Configuration management systems (like CfEngine, RB3, Ansible, SaltStack) realize what is nowadays called software defined infrastructure, that is they allow to write programs that configure systems that make up an infrastructure, first by creating configurations (usually files from templates) and then deploying and activating them on the target systems.

The problem is that while this means that system configuration becomes less manual, and thus more malleable, it also turns into a large programming project that usually results into a brittle, buggy software system.

Part of the problem is that systems engineers often don't have a mindset for programming, but a big part is that they typically underestimate how big a programming project is required by adopting a configuration management system and how complex it is, given the many subtleties of configurations and dependencies among them and systems, and that often the configuration management programming languages are quite weird.

Note: for example a major configuration management system is programmed in something derived from YAML.

Ideally robust programming principles should be used: clear data models for the parameters database that drives the configuration management systems, modular configuration generation programs and templates, careful layering of configuration abstractions.

Configuration programs and templates usually should be modularized into flavours, for example router-edge, server-NFS or workstation-stats, which should be mixable to generate full system configurations.

A typical problem is that the relationship between systems and flavours is typically many-to-many: many systems can have a flavour, and many flavours can be on a system; also both flavours and systems need to be layered in structured groups.

A typical issue that arises is then how to organize the programs and templates, and regrettably they must be linearized, that is as a rule one must choose, at least for subsets, either to list all systems and for each system the flavours it has, or to list all flavours and for each flavour the systems that it is used by.

Note: in conventional programming decomposition often need to be linearized even if often there are two desirable decomposition: by type representation known usually as object oriented programming and by what was known as aspect oriented programming, but both have been largely misunderstood (OOP) or forgotten (AOP).

That does not mean that literally every system and flavour must be listed: both systems and flavours can be can be organized into groups, and where there are groups of systems that have the same flavours, or groups of flavours that are always installed together, the group names can be used. Aggregation and taxonomy decisions of this sort are of course often difficult design decisions.

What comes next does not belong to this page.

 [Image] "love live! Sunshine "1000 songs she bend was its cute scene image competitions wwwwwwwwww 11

As usual for software the goals are maintainability and understandability, and those depend on minimizing the impact of changes, and whether changes to a flavour impacts many systems or changes to which flavours are installed on which systems impacts other systems.

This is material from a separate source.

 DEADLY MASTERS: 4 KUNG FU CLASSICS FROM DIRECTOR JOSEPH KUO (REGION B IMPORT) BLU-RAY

Usually which way works best depends on which list is shorter: if there are a few flavours which are installed on many systems listing by flavour is more flexible, if there are a few systems each with rather different and long flavour lists then organizing the configuration software by system is more flexible.

Note: for different sets of systems different organizations may be best: for example a site with both a scientific cluster of nearly identical systems and a group of system running many diverse services may use for the former an organization by flavour, and for the latter an organization by system. I often group both ways and other ways when proper many-to-many primitives are missing: for example (like for monitoring) I might define a group of hosts that are part of the same applications, a group of hosts that run the same service, a group of hosts that are in the same rack.

Unfortunately I have seen or heard of many places where a third organization or decomposition is used: temporal, that the linearization is by the time in which the new flavour or system were needed and added to the software configuration system. This often happens with traditional software systems, and has the same result: an obscure and inflexible software system that is not organized with some kind of logical structure to minimize dependencies and maximize simplicity of documentation.

The temporal disorganization of a configuration management software system seems to me particularly popular in medium to large virtual machine infrastructures because:

Virtual machine infrastructure are designed to give the wonderful illusion that they have full plasticity, and dependencies and other rigidities are virtualized away.
The temptation is often irresistible for demo-driven projects to just spin-up a new virtual machine for the slightest reason, and then dump its hastily-made configuration in the configuration management system software in an extemporaneous way.

This of course happens with physical infrastructures too, sometimes with extemporaneous (commando) hidden cabling, and the end result is the same: a software system of the big ball of mud type, which leads to lithification of configuration management system programs and templates and thus of the systems infrastructure it targets.

It is possible to slowly refactor such a system infrastructure because even if configuration management software is structureless, systems infrastructures tend to have some intrinsic structure, both in subset (by location, by functionality, ...) and by layer (front, middle, back ends, ...). In the case where historical events have prevented a degree of spontaneous structuring of the systems infrastructure, total lithification can be the only outcome.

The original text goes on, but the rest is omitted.